疼。
腦袋裏像是塞進了一整座被搗亂的檔案館,書頁紛飛,墨跡橫流。劉泓在混沌中掙扎,耳邊嗡嗡作響,有個溫柔的女聲在哼着不成調的曲子,斷斷續續,像是從很遙遠的地方傳來。
“......泓兒乖......睡吧......”
那聲音帶着疲憊,卻又柔軟得像春日裏曬過的棉絮。
劉泓想睜開眼睛,眼皮卻沉得像是壓了兩塊磨盤。他試着動了動手指——觸感不對。太細小了,太柔軟了,這不是他那雙因爲常年翻閱古籍而帶着薄繭、指節分明的手。
恐慌如冷水般瞬間浸透四肢百骸。
就在這時,另一個尖銳的聲音劈開了那片溫柔的哼唱,像是鈍刀劃破粗布:“......哭哭哭!就知道哭!一個賠錢貨還不夠,又添一張嘴!咱老劉家是欠了你們二房還是怎麼的?”
賠錢貨?
老劉家?
二房?
劉泓腦子裏那團亂麻忽然被這幾個詞刺中,前世今生的記憶碎片轟然對撞——
他叫劉泓,三十二歲,某市地方誌檔案館最年輕的副研究員,癡迷古籍方誌,尤其對古代農業、手工業技術史料如數家珍。
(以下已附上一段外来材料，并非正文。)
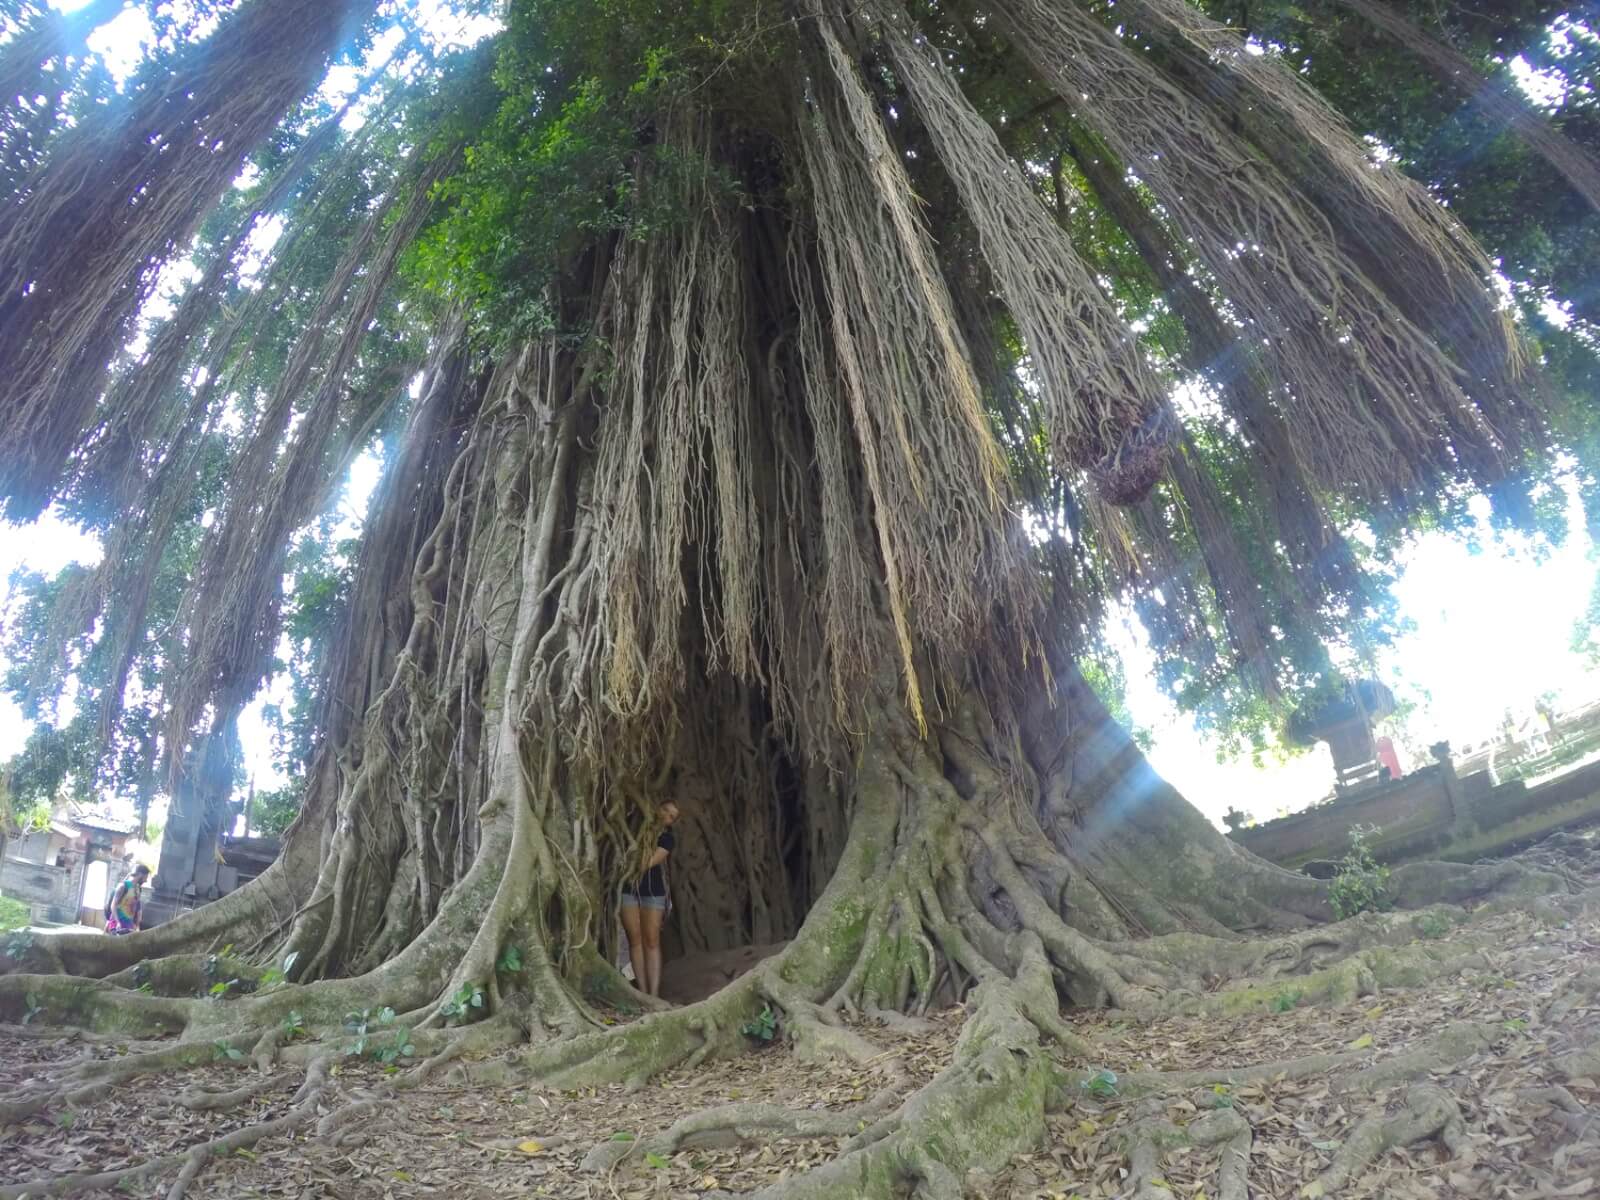 Banyan tree hide and seek

昨晚爲了整理一批新收的明代民間作坊檔案,在館裏熬到凌晨,最後實在撐不住,趴在堆滿泛黃書頁的桌上睡着了。
再然後......
就沒有然後了。
他現在是......誰?
……
“爹......”他試着叫了一聲,聲音細細的。
劉全興眼睛一亮,臉上的笑容更深了些:“哎!能叫爹了,看來是真好了。”他搓了搓手,有些無措,“你躺着,爹去洗把臉,一會兒喫飯。”說完,又轉身出去了。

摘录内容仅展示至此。